▶ EXERCISE DETAILS
Beginning at the line that contains "Pencil Pleat Thermal", reproduce the entries below exactly, ending with the line that contains "hamilton gifts - Buy". Omit each picture.

▶ ENTRIES PROVIDED
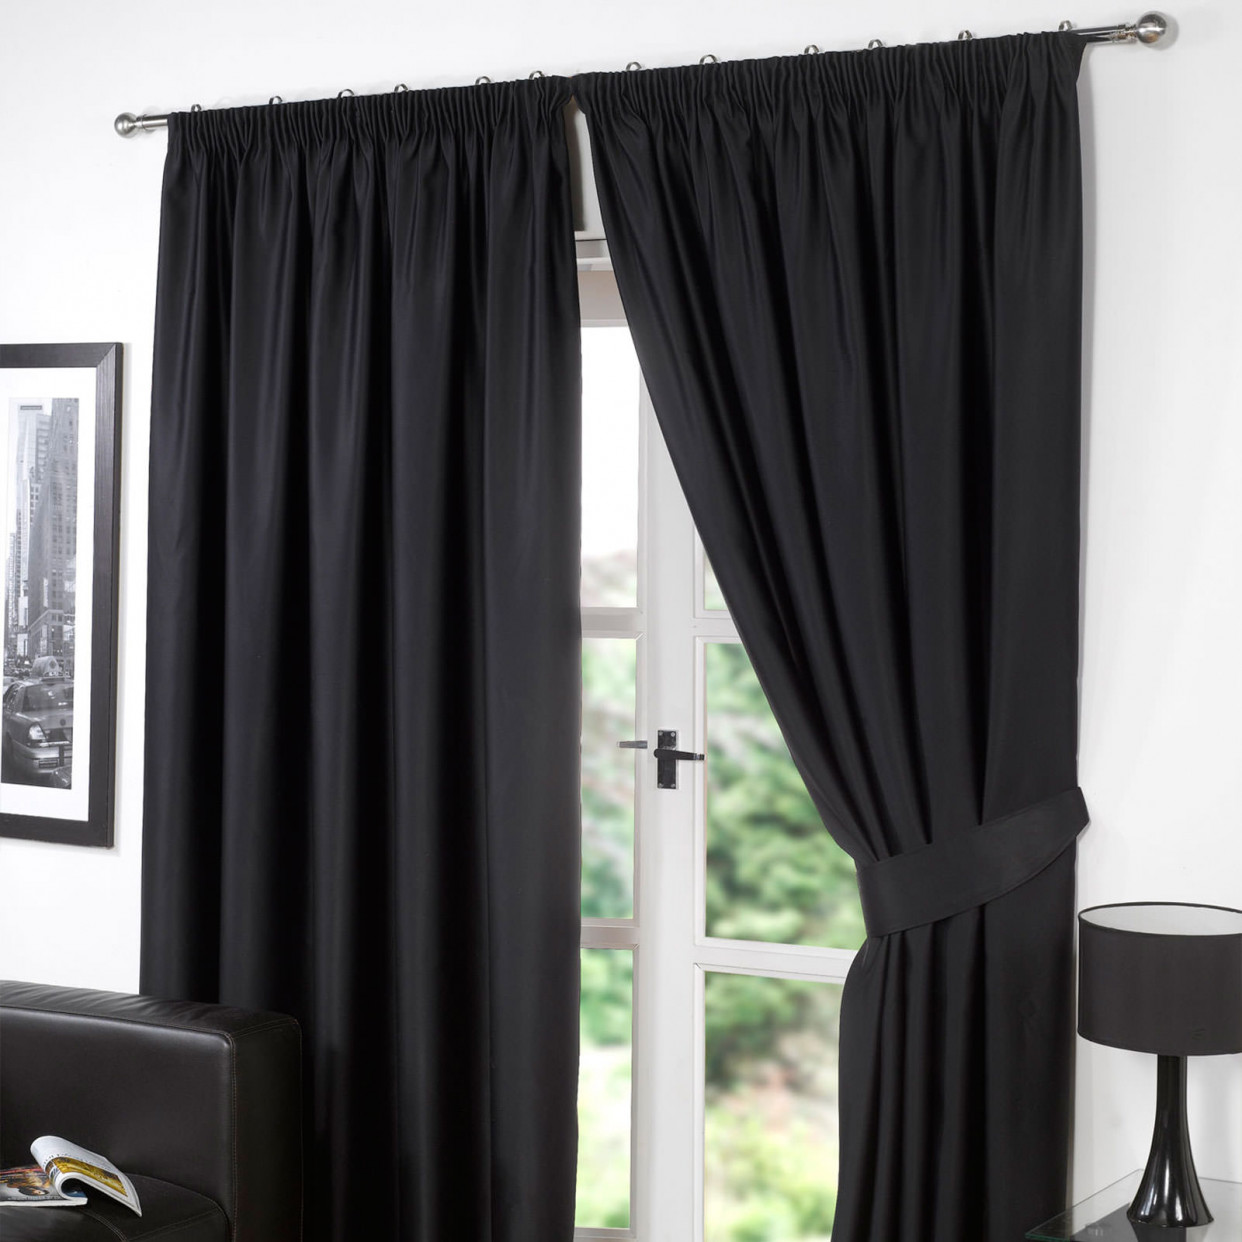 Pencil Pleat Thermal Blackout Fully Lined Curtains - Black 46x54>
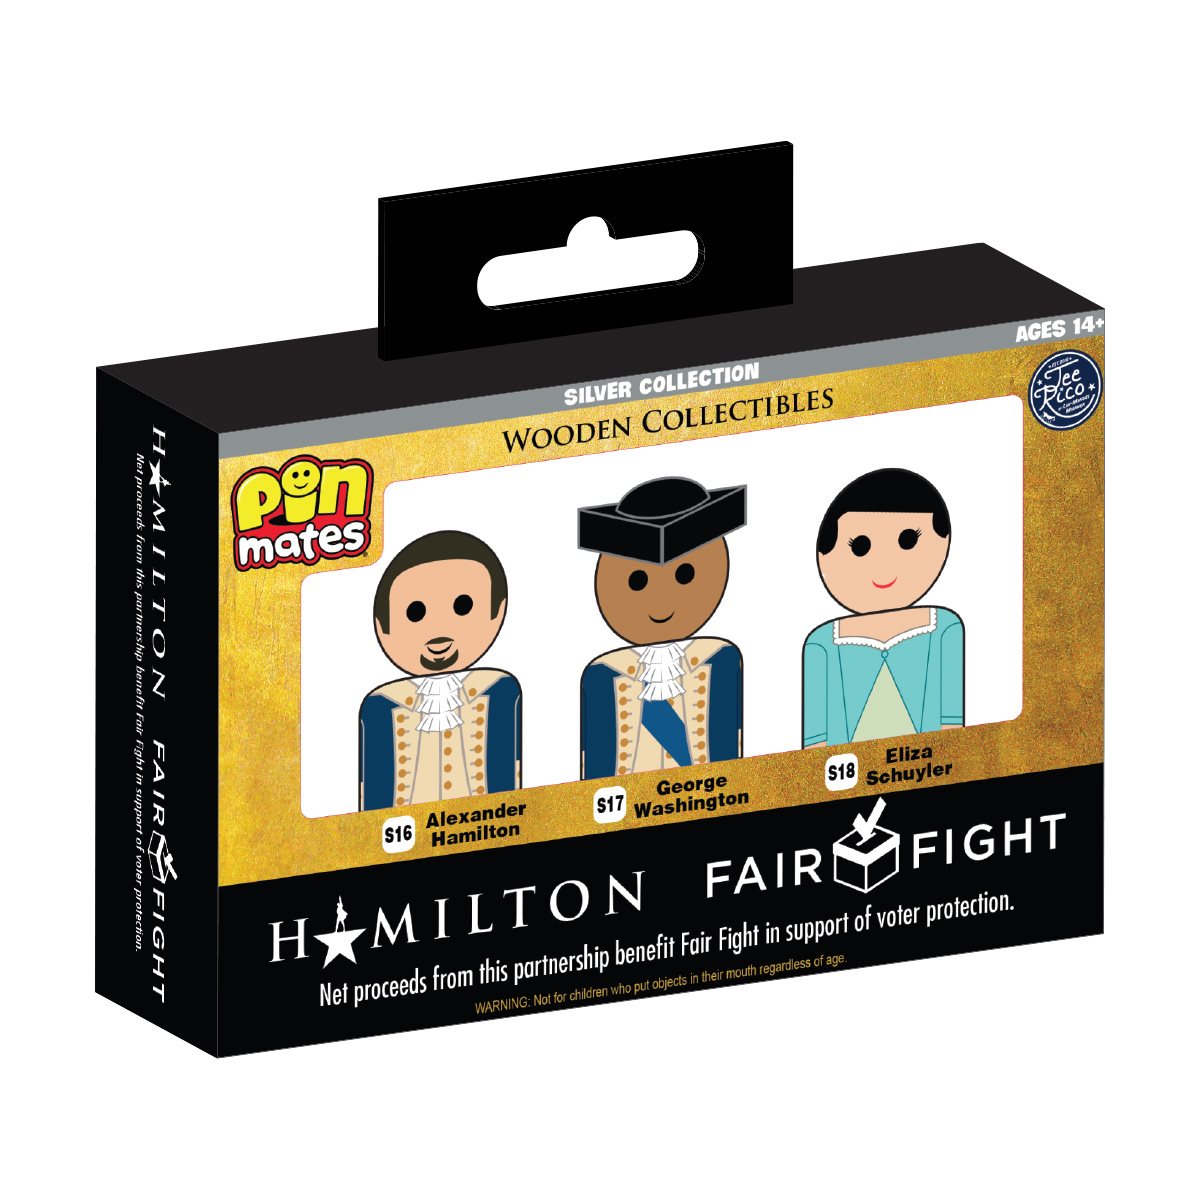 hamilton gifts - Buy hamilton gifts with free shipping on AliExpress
---
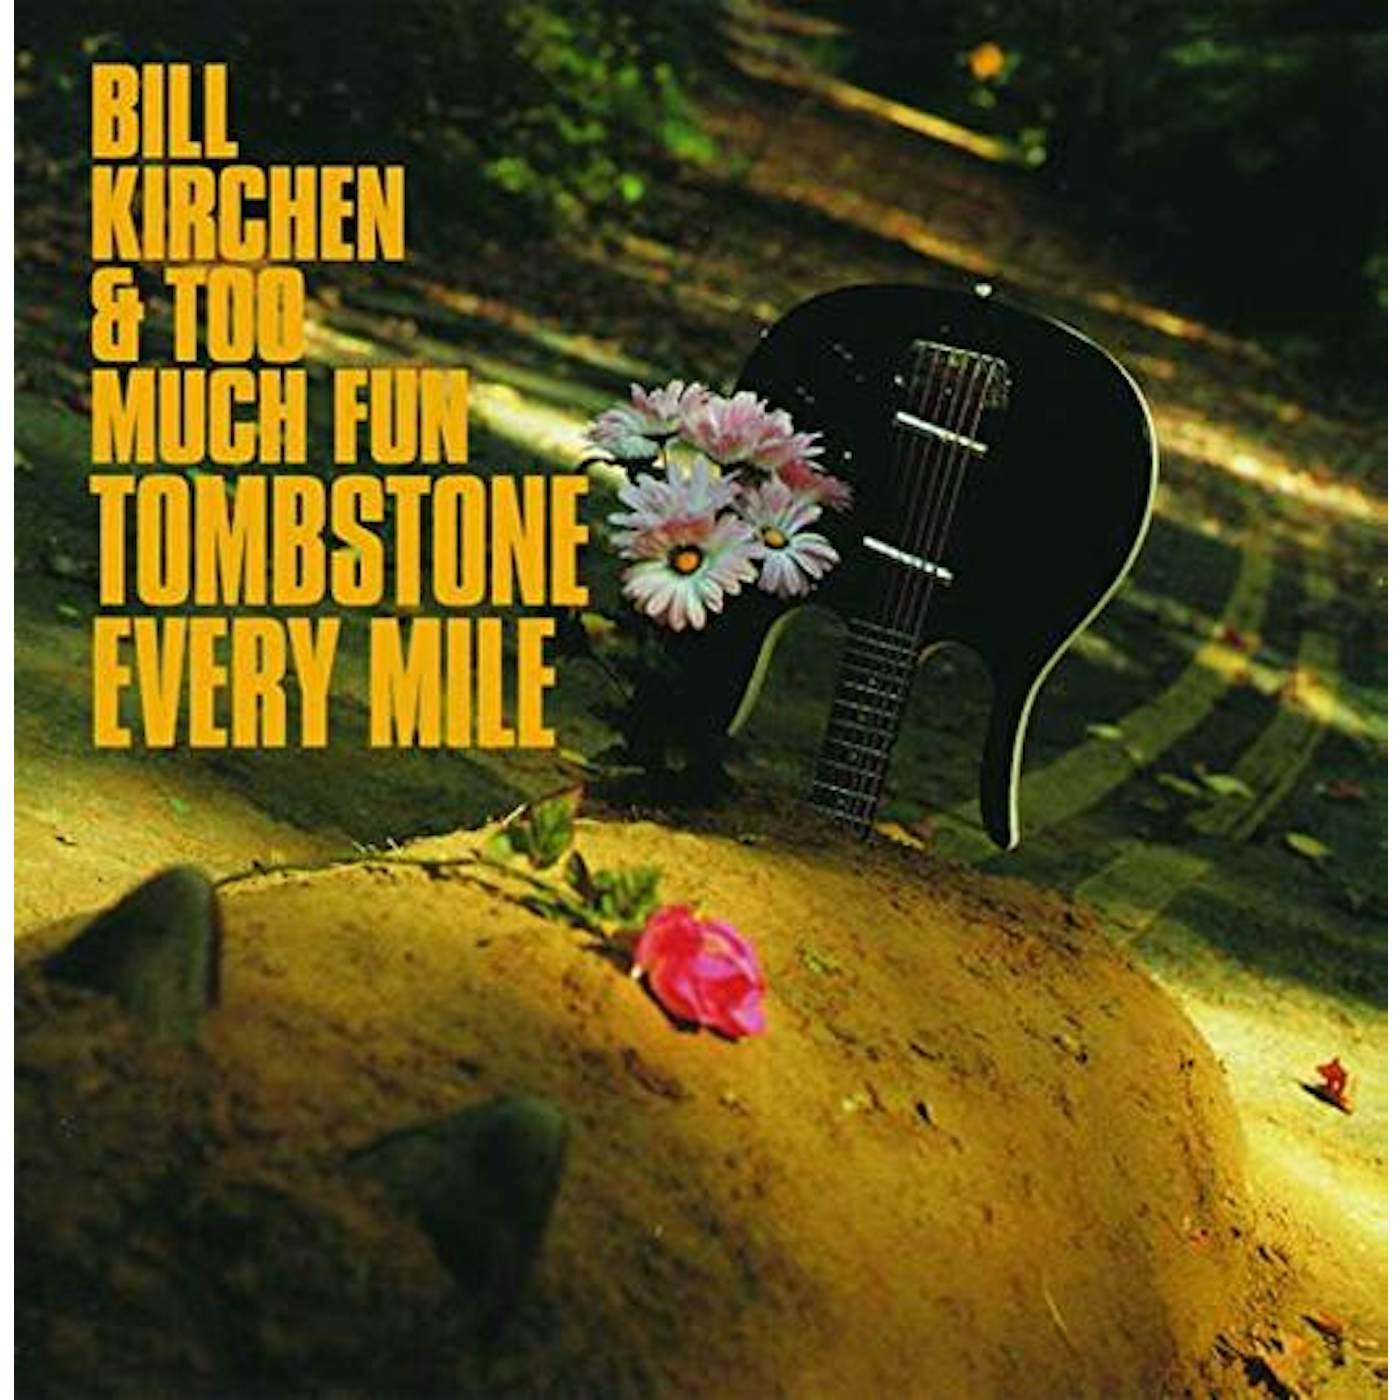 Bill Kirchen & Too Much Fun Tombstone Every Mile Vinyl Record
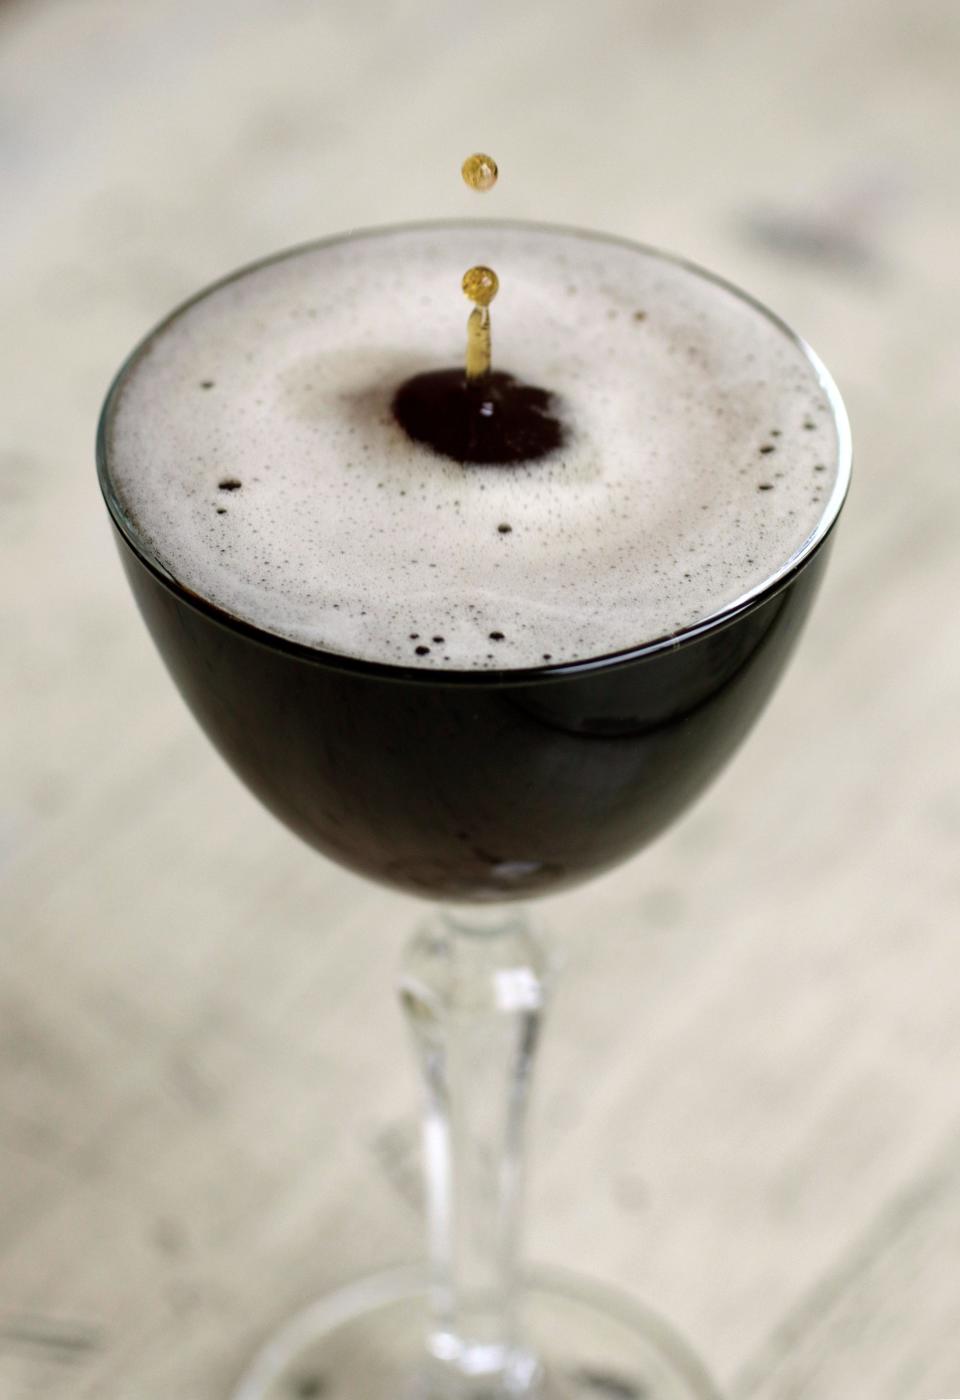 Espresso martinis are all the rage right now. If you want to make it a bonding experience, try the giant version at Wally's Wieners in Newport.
* * *
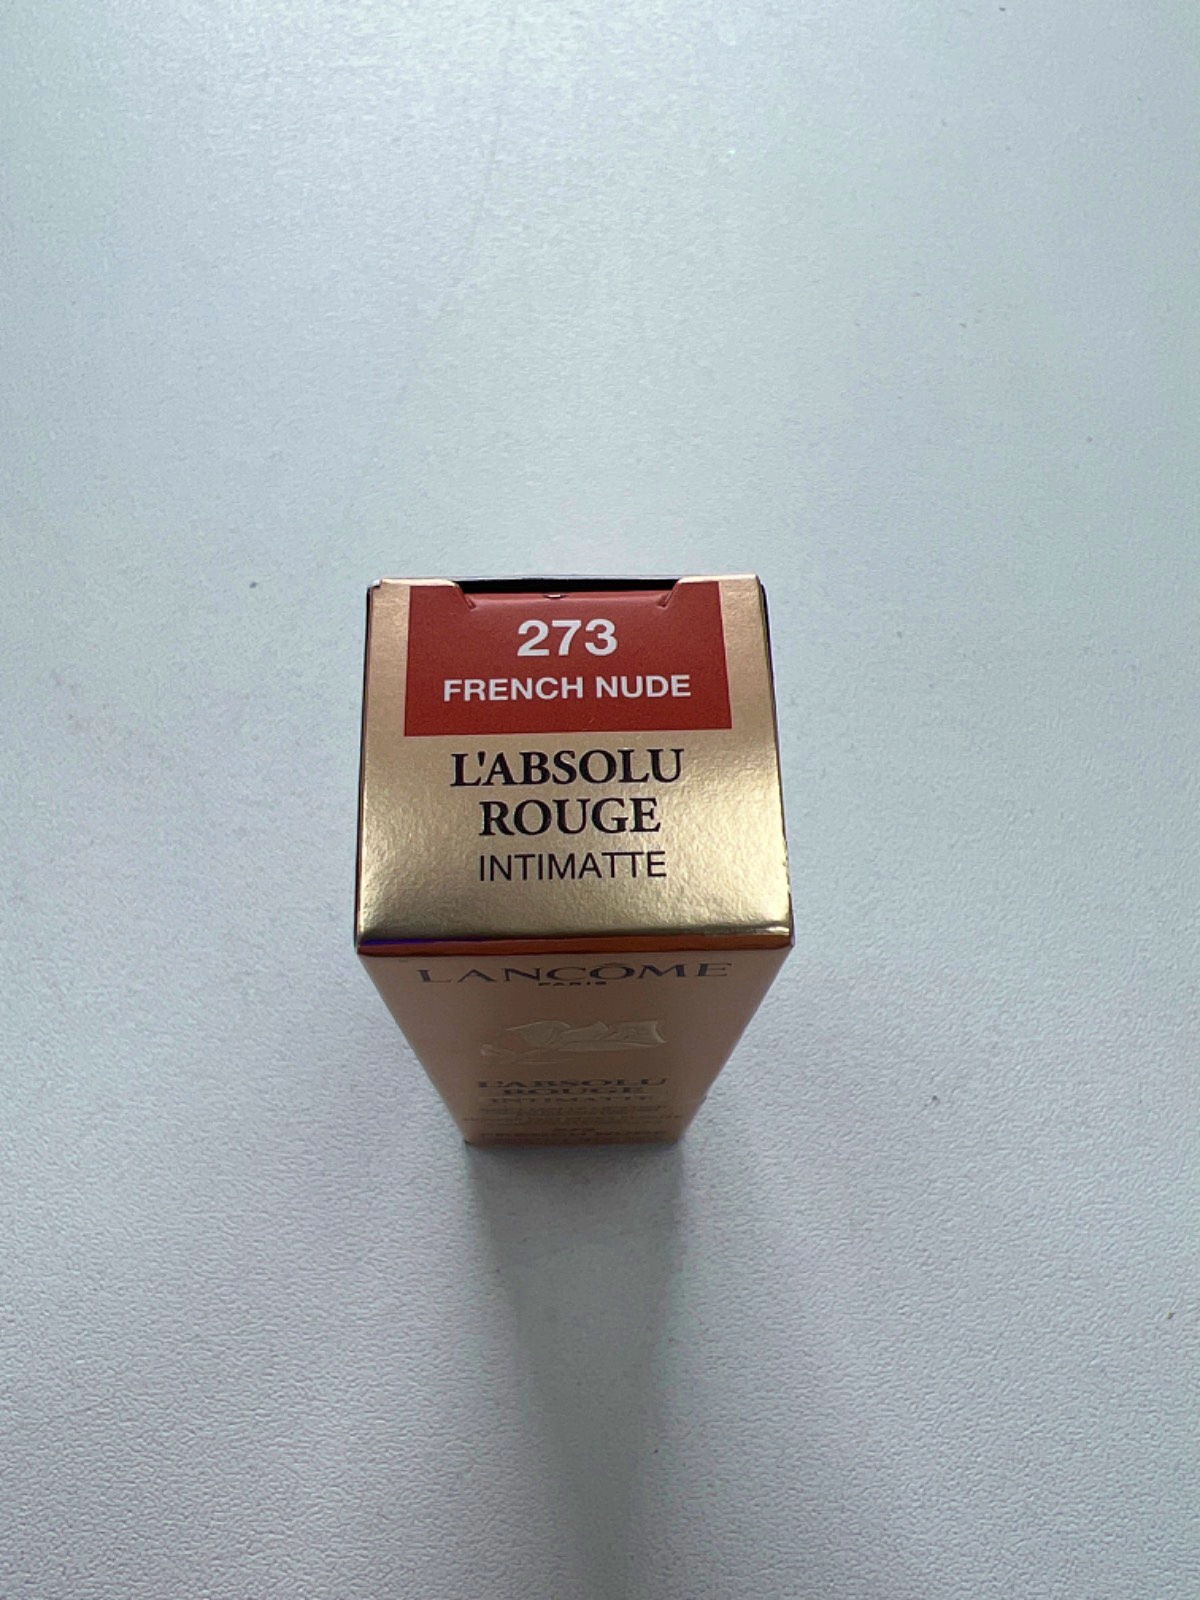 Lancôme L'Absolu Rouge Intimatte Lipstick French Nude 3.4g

▶ ANSWER SPACE
 Pencil Pleat Thermal Blackout Fully Lined Curtains - Black 46x54>
 hamilton gifts - Buy hamilton gifts with free shipping on AliExpress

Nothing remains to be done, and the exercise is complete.